If only it were so easy. Acura's big problem is that niacin is the key ingredient in the abuse-resistant technology used in the pain drug Acurox. Without niacin, drug abusers can swallow excess Acurox tablets to get high. Niacin-less Acurox would still contain ingredients to prevent abuse by crushing or dissolving the tablets, but there are already FDA approved oxycodone formulations on the market that do the same thing.
Last week's FDA advisory panel on Acurox was very clear in its dislike for niacin as a way to prevent prescription drug abuse. The panel's strong vote against recommending Acurox's approval coupled with the FDA's negative opinion on the drug means two things: 1) Acurox in its current formulation is not getting approved; and 2) Acura will most likely need to return to the lab and completely rework its abuse-resistant technology if it ever wants to get any of its pipeline products approved.

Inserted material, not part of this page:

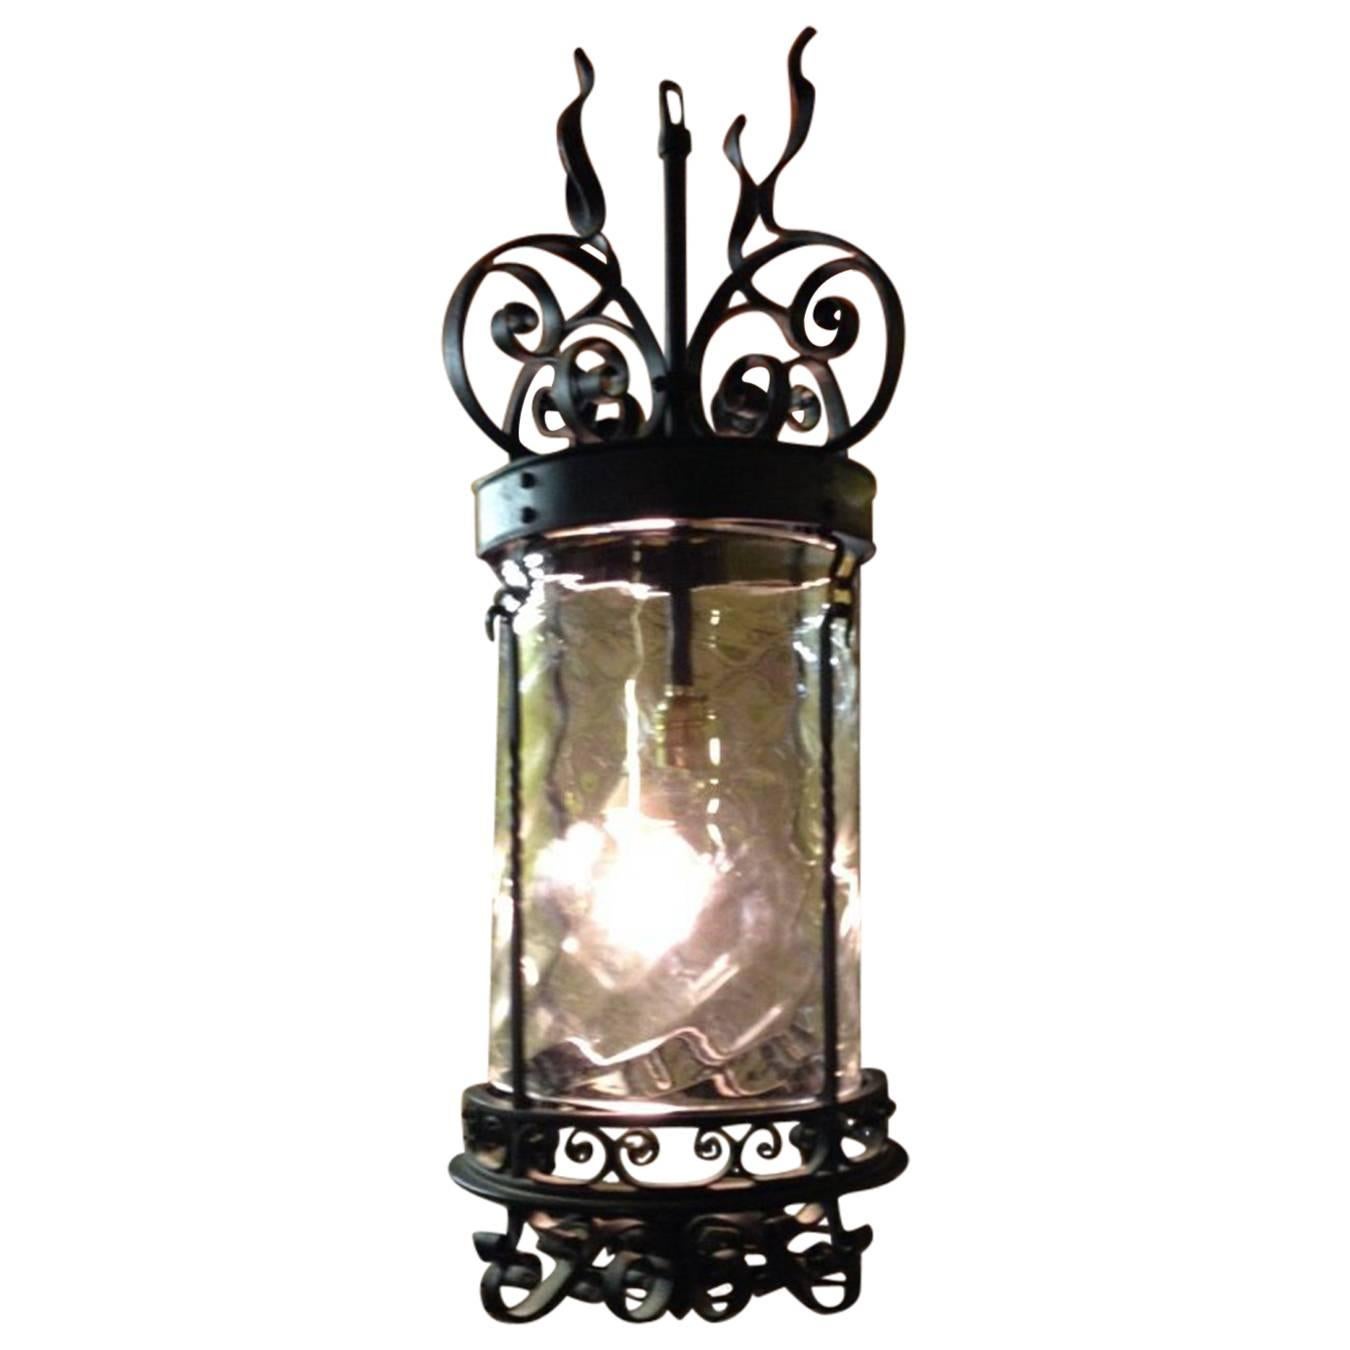 An Arts & Crafts Hand Wrought Iron Lantern with Flaming Tendrils & Dappled Shade

I'm surprised Acura hasn't held a conference call yet to discuss the FDA advisory panel decision. King Pharmaceuticals (KG), Acura's marketing partner, seems to be driving this train, but aren't the odds high that King dissolves the Acura partnership given niacin's dead end?
Alex M. writes, "A colleague mentioned he had been persuaded to buy Pro-Pharmaceuticals (PRWP.OB) a few years back, and after years of languishing in losses, he's wondering whether it's actually a real company with a real drug candidate, Davanat, or whether it's an out-and-out scam or somewhere in between... Do you have a view on this company? I'm a huge admirer of your column, and have to admire anyone who flushes CEOs of companies like Generex (GNBT) and Cell Therapeutics (CTIC) out of the woodwork in the way you have. I suspect that makes you eminently qualified to comment on Pro-Pharmaceuticals."I called the public relations people working with Pro-Pharma on Wednesday asking for slides and/or published articles so that I could review the phase II data on Davanat in colon cancer, the drug's lead indication. Pro-Pharma's spokeswoman explained to me the company hasn't presented or published any of the Davanat data (from a study conducted in 2004-2006) because the FDA places "serious restrictions" on publishing clinical data without the agency's approval.